On 11/30/23 09:45, John DeSoi wrote:

I have a macOS web server using Postgres that has been very stable until a month or two ago. If I restart the web server the problem seems to go away for a while, but starts happening again within days. I thought it was a PHP issue as discussed in the link below, but I just noticed in the crash report it seems to be something related to a call from libpq.

https://github.com/shivammathur/homebrew-php/issues/1862

Any ideas or suggestions appreciated.

Did you recently get an OpenSSL upgrade to v3.2.0? This is a shot in the
dark, but perhaps related to the discussion here?

/messages/by-id/CAN55FZ1eDDYsYaL7mv+oSLUij2h_u6hvD4Qmv-7PK7jkji0uyQ@mail.gmail.com

--
Joe Conway
PostgreSQL Contributors Team
RDS Open Source Databases
Amazon Web Services: https://aws.amazon.com

#3John DeSoi
john@desoi.dev
In reply to: Joe Conway (#2)
Re: libpq crashing on macOS during connection startup

On Nov 30, 2023, at 8:59 AM, Joe Conway <mail@joeconway.com> wrote:

Did you recently get an OpenSSL upgrade to v3.2.0? This is a shot in the dark, but perhaps related to the discussion here?

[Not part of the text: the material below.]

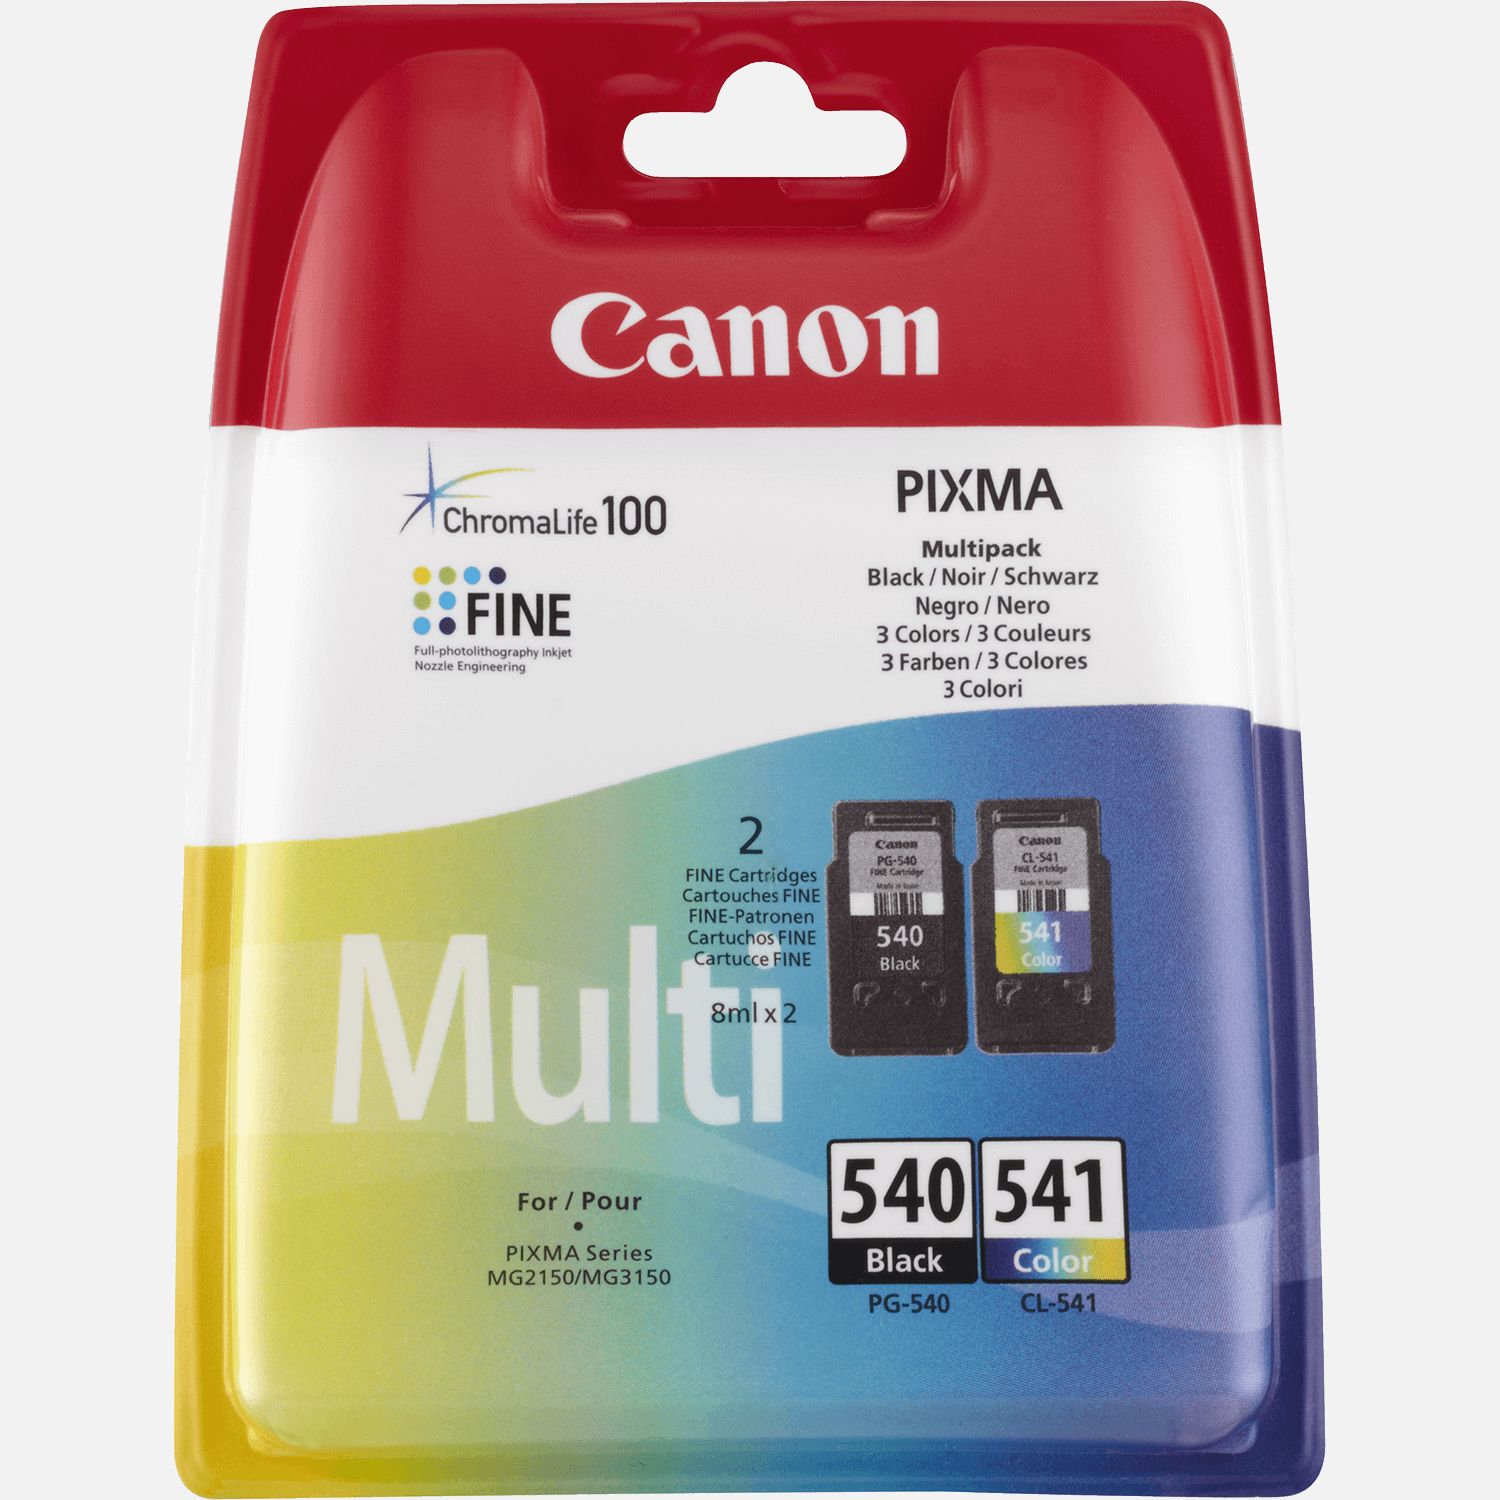 Buy Canon PIXMA MG3650S All-In-One inkjet printer, Black — Canon Sweden  Store

/messages/by-id/CAN55FZ1eDDYsYaL7mv+oSLUij2h_u6hvD4Qmv-7PK7jkji0uyQ@mail.gmail.com

No, this server is on openssl 3.1.4. But thanks for sending that, I'm about to setup a new server and I'm sure it will end up with the latest versions.

John DeSoi, Ph.D.

#4Adrian Klaver
adrian.klaver@aklaver.com
In reply to: John DeSoi (#1)
Re: libpq crashing on macOS during connection startup

On 11/30/23 06:45, John DeSoi wrote:

I have a macOS web server using Postgres that has been very stable until a month or two ago. If I restart the web server the problem seems to go away for a while, but starts happening again within days. I thought it was a PHP issue as discussed in the link below, but I just noticed in the crash report it seems to be something related to a call from libpq.

What starts happening?

Does the Postgres log show anything?

Postgres version?

How was Postgres installed?

https://github.com/shivammathur/homebrew-php/issues/1862

Any ideas or suggestions appreciated.

John DeSoi, Ph.D.

--
Adrian Klaver
adrian.klaver@aklaver.com

#5John DeSoi
john@desoi.dev
In reply to: Adrian Klaver (#4)
Re: libpq crashing on macOS during connection startup

On Nov 30, 2023, at 9:36 AM, Adrian Klaver <adrian.klaver@aklaver.com> wrote:

What starts happening?

Random web process crashes when connecting to PostgreSQL.

Does the Postgres log show anything?

No.

Postgres version?

How was Postgres installed?

PostgreSQL 15.4 installed with Homebrew.

John DeSoi, Ph.D.

#6Adrian Klaver
adrian.klaver@aklaver.com
In reply to: John DeSoi (#5)
Re: libpq crashing on macOS during connection startup

On 11/30/23 07:49, John DeSoi wrote:

On Nov 30, 2023, at 9:36 AM, Adrian Klaver <adrian.klaver@aklaver.com> wrote:

What starts happening?

Random web process crashes when connecting to PostgreSQL.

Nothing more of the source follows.